Identifying unreported links between ClinicalTrials.gov trial registrations and their published results.
Shifeng LiuFlorence T BourgeoisAdam G DunnPublished in: Research synthesis methods (2022)
A substantial proportion of trial registrations are not linked to corresponding published articles, limiting analyses and new tools. Our aim was to develop a method for finding articles reporting the results of trials that are registered on ClinicalTrials.gov when they do not include metadata links. We used a set of 27,280 trial registration and article pairs to train and evaluate methods for identifying missing links in both directions-from articles to registrations and from registrations to articles. We trained a classifier with six distance metrics as feature representations to rank the correct article or registration, using recall@K to evaluate performance and compare to baseline methods.
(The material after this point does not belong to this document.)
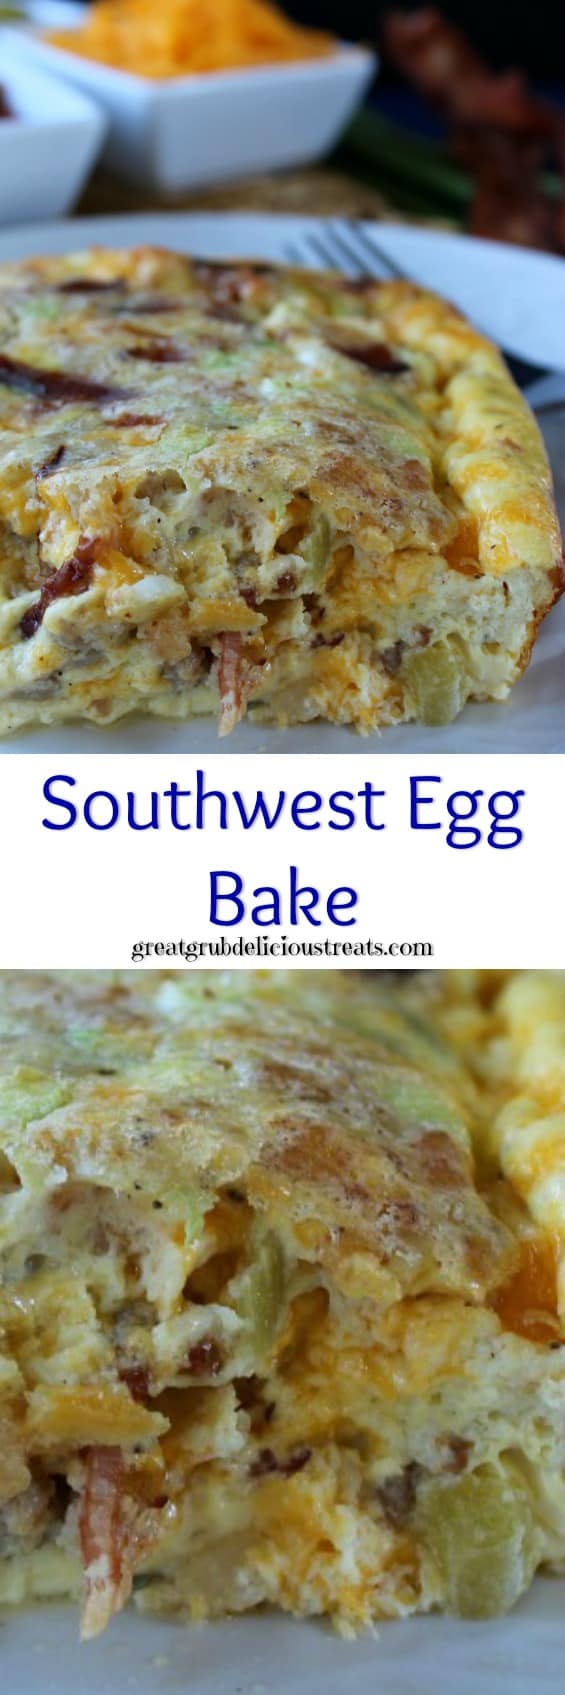 Southwest Egg Bake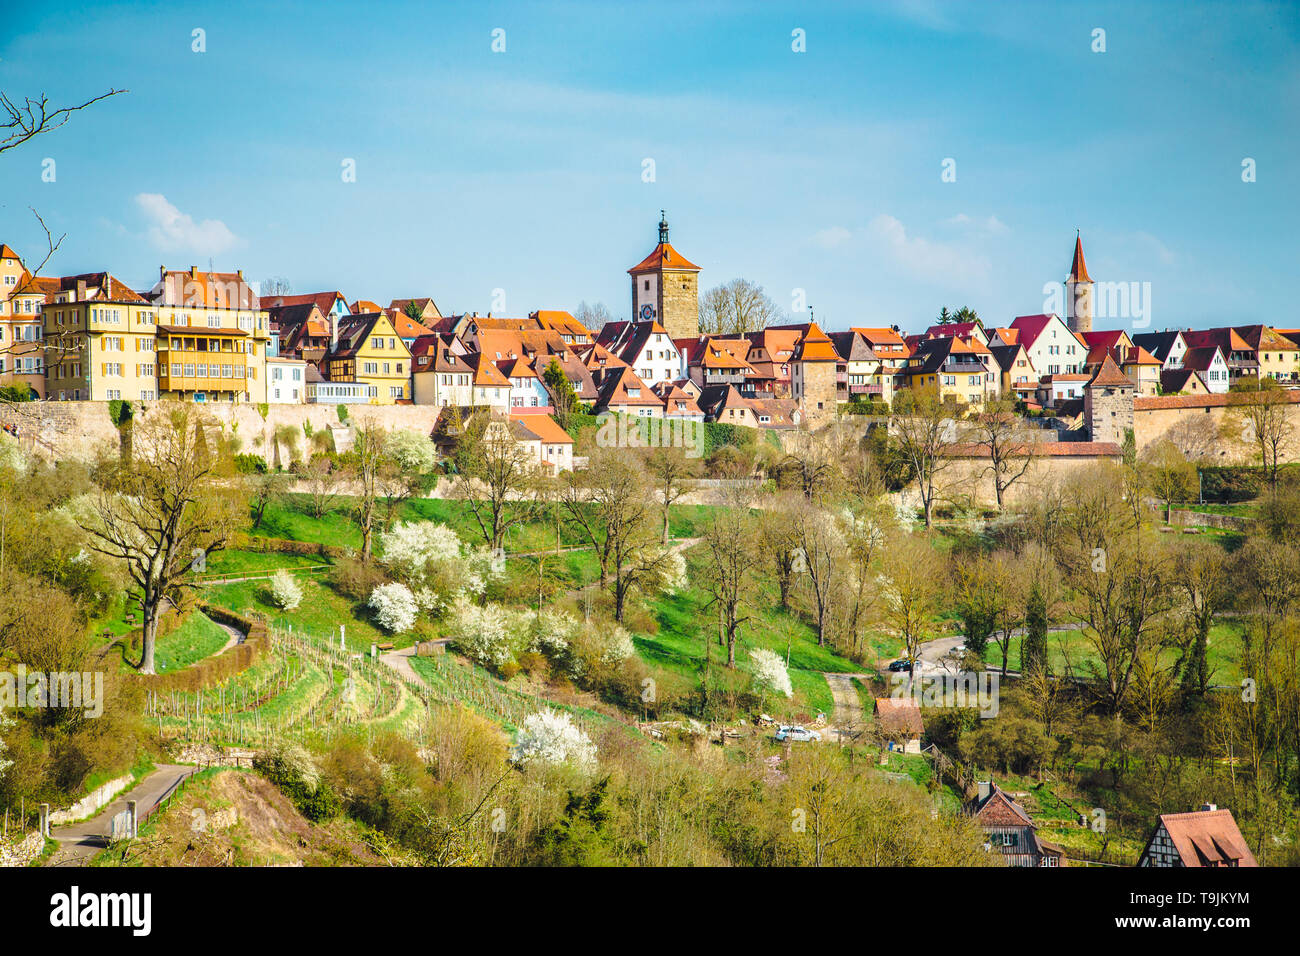 Visualizzazione classica della città medievale di Rothenburg ob der Tauber su una bella giornata di sole con cielo blu e nuvole in primavera, Baviera, Germania Foto Stock

When identifying links from registrations to published articles, the classifier ranked the correct article first (recall@1) among 378,048 articles in 80.8% of evaluation cases and 34.9% in the baseline method. Recall@10 was 85.1% compared to 60.7% in the baseline. When predicting links from articles to registrations, recall@1 was 83.4% for the classifier and 39.8% in the baseline. Recall@10 was 89.5% compared to 65.8% in the baseline. The proposed method improves on our baseline document similarity method to be feasible for identifying missing links in practice. Given a ClinicalTrials.gov registration, a user checking 10 ranked articles can expect to identify the matching article in at least 85% of cases, if the trial has been published. The proposed method can be used to improve the coupling of ClinicalTrials.gov and PubMed, with applications related to automating systematic review and evidence synthesis processes.